Run a baseline throughput test to understand your bottleneck:

```bash
# Submit 100 minimal workflows, measure submit rate
time for i in $(seq 1 100); do
  curl -s -X POST http://localhost:3000/api/workflows/basicEcho/invoke \
    -H "Authorization: Bearer $TOKEN" \
    -H 'Content-Type: application/json' \
    -d '{"data":{"message":"test","sleepSeconds":0}}' > /dev/null
done
```

Then check where Postgres is spending time:

```sql
-- Check for write pressure (high buffers_checkpoint = WAL bottleneck)
SELECT * FROM pg_stat_bgwriter;

-- Check for connection saturation
SELECT count(*) as active, max_conn
FROM pg_stat_activity, (SELECT setting::int as max_conn FROM pg_settings WHERE name = 'max_connections') mc
WHERE state = 'active'
GROUP BY max_conn;

-- Check table bloat after burst writes
SELECT relname, n_live_tup, n_dead_tup,
       round(100.0 * n_dead_tup / nullif(n_live_tup + n_dead_tup, 0), 1) as dead_pct
FROM pg_stat_user_tables
WHERE n_live_tup > 1000
ORDER BY n_dead_tup DESC LIMIT 10;
```

### Recommended Settings

| Parameter | Default | Recommended | Why |
|-----------|---------|-------------|-----|
| `shared_buffers` | 128MB | 25% of RAM (256MB–1GB) | Cache hot pages — `jobs_attributes` partitions are read/written constantly |
| `work_mem` | 4MB | 16MB | Workflow queries join across partitions; larger sort memory avoids disk spills |
| `maintenance_work_mem` | 64MB | 128MB–256MB | Speeds VACUUM on large `jobs_attributes` tables after burst writes |
| `wal_buffers` | -1 (auto) | 16MB | Write-heavy workloads saturate the default 8MB WAL buffer |
| `max_wal_size` | 1GB | 1GB–2GB | Prevents excessive checkpointing during sustained write bursts |
| `checkpoint_completion_target` | 0.9 | 0.9 | Spread checkpoint I/O over time — already optimal |
| `effective_cache_size` | 4GB | 50–75% of RAM | Query planner hint — tells Postgres how much OS cache to expect |
| `synchronous_commit` | on | off (dev/staging) | Trades durability for 2–5x write throughput.
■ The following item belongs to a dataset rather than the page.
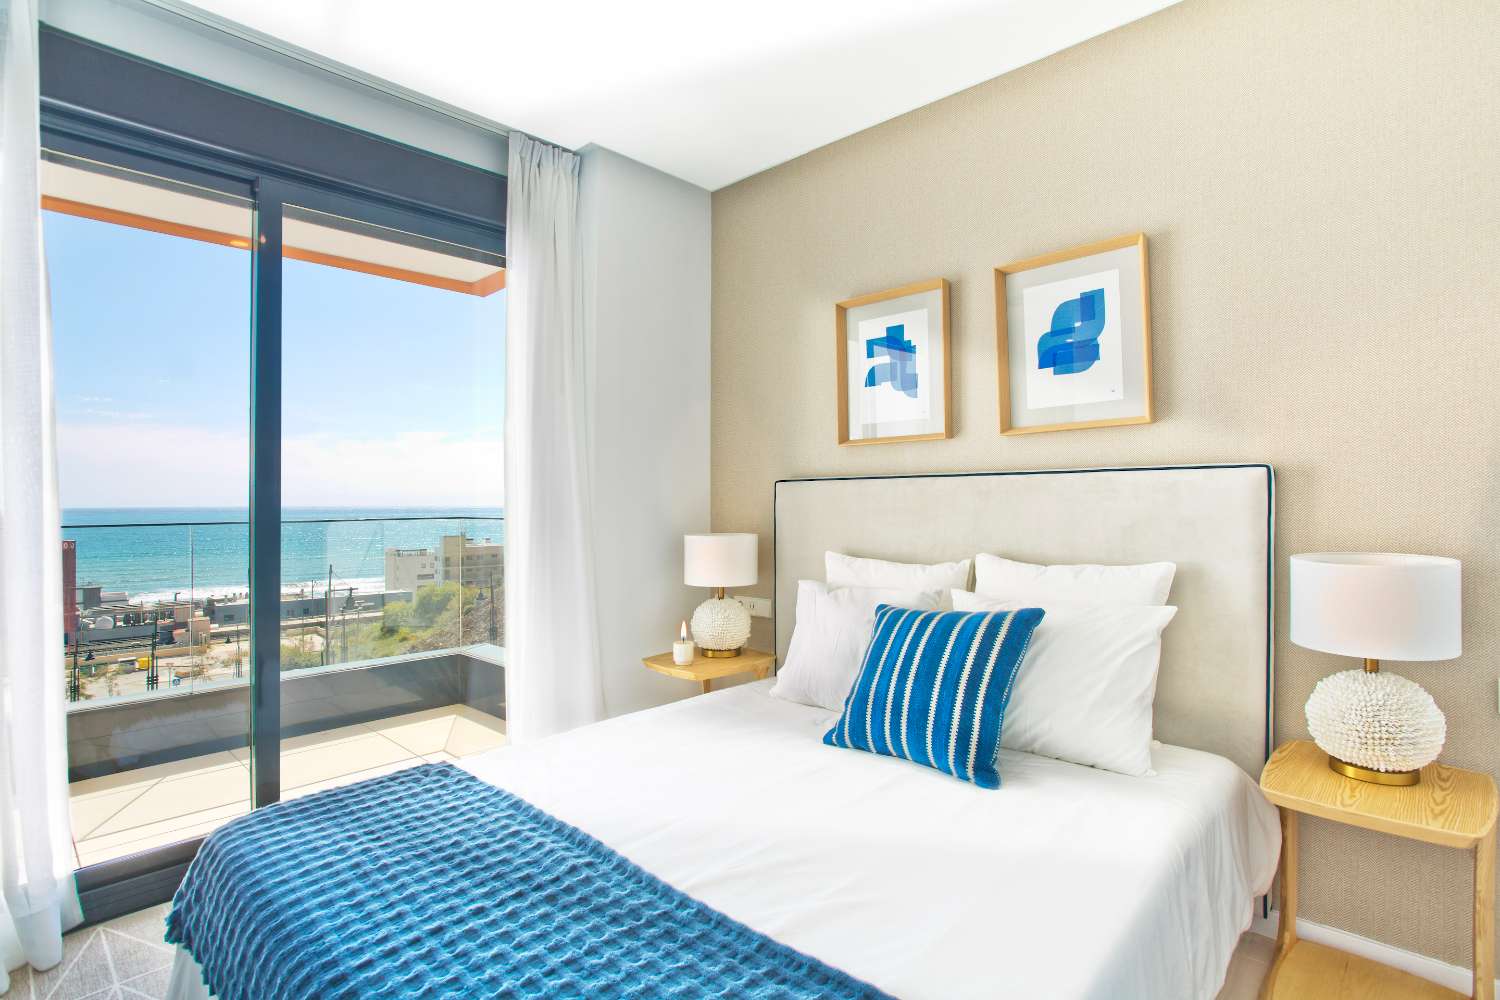 Rymlig lägenhet med 3 sovrum i ett privilegierat läge några minuter från stranden med terrass på 62 m2

WAL is still written; only fsync is deferred. Acceptable for dev and staging. **Keep `on` in production** unless you understand the trade-off. |
| `max_connections` | 100 | 200 | HotMesh uses connection-per-worker; concurrent workflows can exhaust 100 connections |

### Docker Compose Configuration

```yaml
postgres:
  image: postgres:16
  command:
    - postgres
    - -c
    - shared_buffers=256MB
    - -c
    - work_mem=16MB
    - -c
    - maintenance_work_mem=128MB
    - -c
    - wal_buffers=16MB
    - -c
    - max_wal_size=1GB
    - -c
    - checkpoint_completion_target=0.9
    - -c
    - effective_cache_size=512MB
    - -c
    - synchronous_commit=off
    - -c
    - max_connections=200
  shm_size: 512m    # Required: shared_buffers > 128MB needs larger /dev/shm
```

The `shm_size` setting is critical — Docker defaults to 64MB for `/dev/shm`, but `shared_buffers=256MB` requires at least that much shared memory. Without it, Postgres will fail to start or silently fall back to smaller buffers.

### Production (RDS / Cloud SQL)

For managed databases, apply the same parameters through parameter groups:

**AWS RDS:**
```
# Custom parameter group
shared_buffers = {DBInstanceClassMemory/4}
work_mem = 16384          # 16MB in KB
maintenance_work_mem = 262144
wal_buffers = 16384
max_wal_size = 2048       # 2GB in MB
synchronous_commit = on   # Keep on for production
max_connections = 200
```

**GCP Cloud SQL:**
```
# Database flags
shared_buffers: 25% of instance RAM (auto-tuned by Cloud SQL)
work_mem: 16MB
maintenance_work_mem: 256MB
max_wal_size: 2GB
synchronous_commit: on
max_connections: 200
```

### Maintenance

After burst workloads, dead tuples accumulate in `jobs_attributes`. Autovacuum handles this, but for large bursts (10K+ workflows), consider:

```sql
-- Manual VACUUM after a load test or batch run
VACUUM ANALYZE durable.jobs_attributes;
VACUUM ANALYZE durable.engine_streams;
```

Long Tail includes a built-in maintenance cron that prunes completed workflow data. Configure it via the dashboard or API to keep table sizes manageable.